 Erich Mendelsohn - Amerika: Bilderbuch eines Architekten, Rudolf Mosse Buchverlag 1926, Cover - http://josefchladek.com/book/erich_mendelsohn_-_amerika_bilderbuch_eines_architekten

==

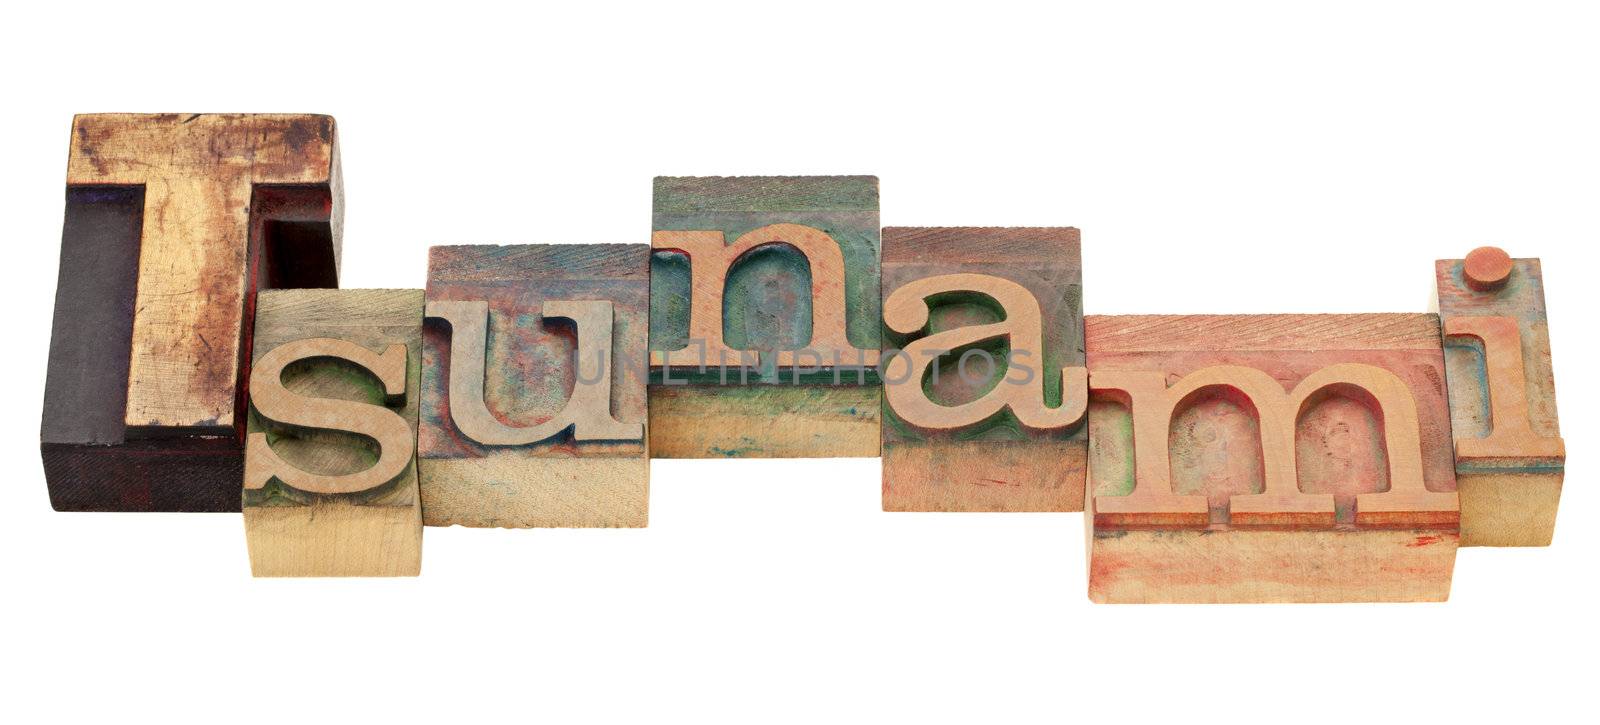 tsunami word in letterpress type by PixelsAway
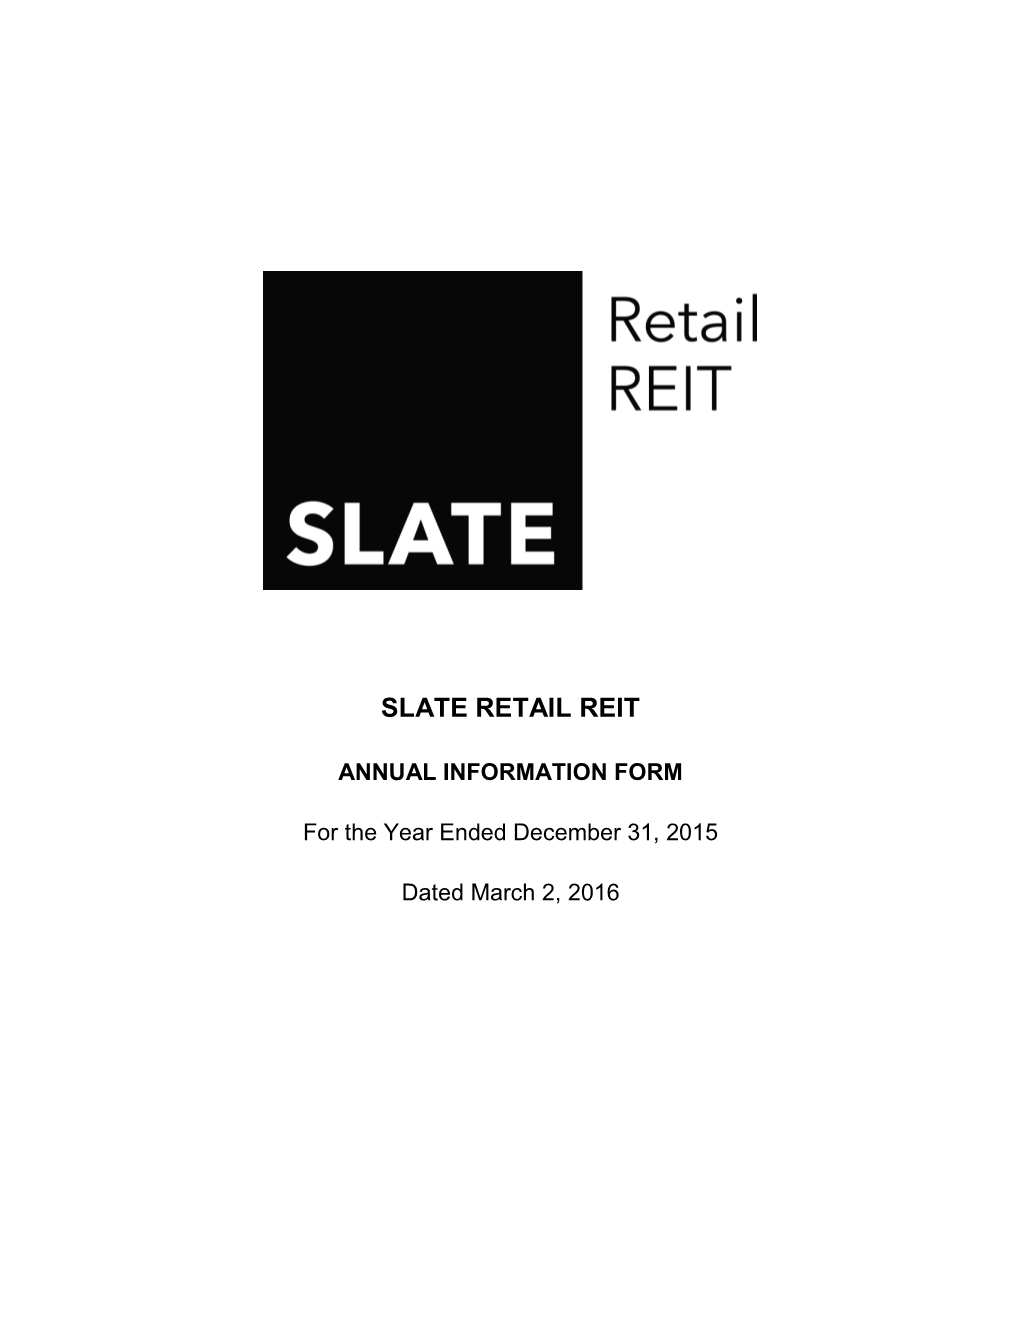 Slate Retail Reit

--

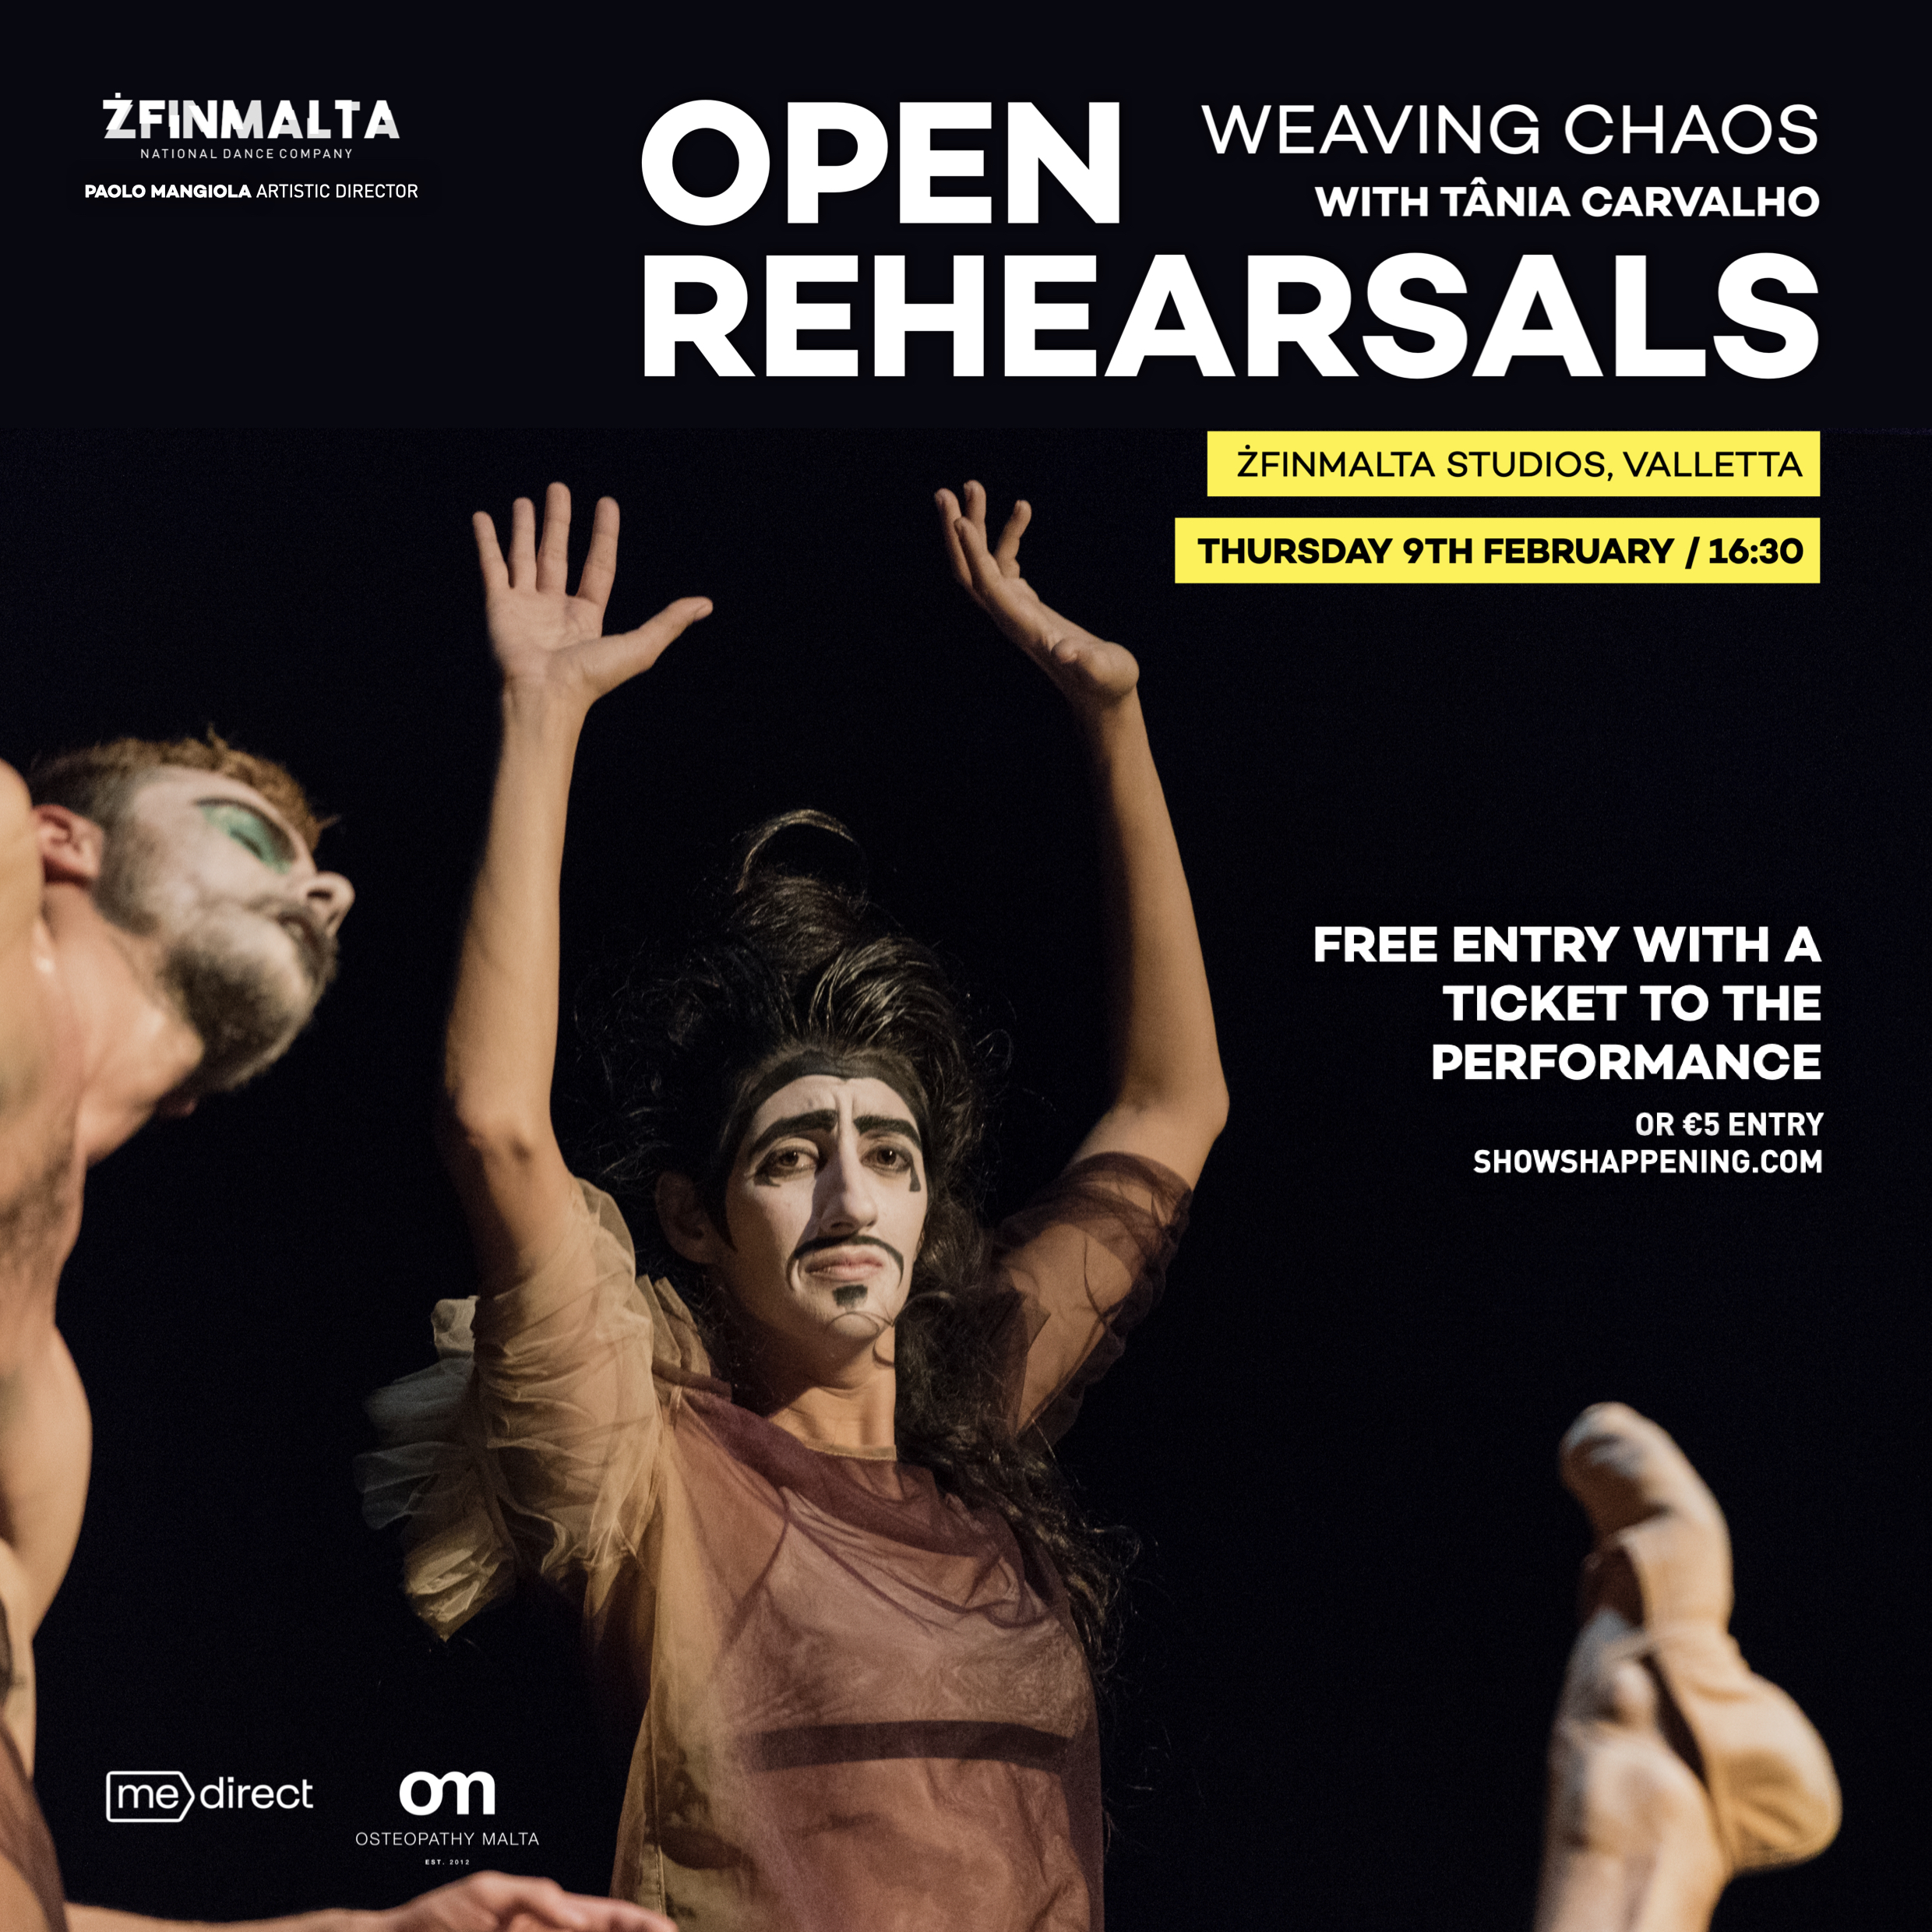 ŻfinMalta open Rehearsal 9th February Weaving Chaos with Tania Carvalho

- **Problem to solve**: Leaving each picture behind, please give again exactly the lines above from the one with "tsunami word in" through the one with "Slate Retail Reit", both included, and no others.

- **Solved exercise**:
 tsunami word in letterpress type by PixelsAway
 Slate Retail Reit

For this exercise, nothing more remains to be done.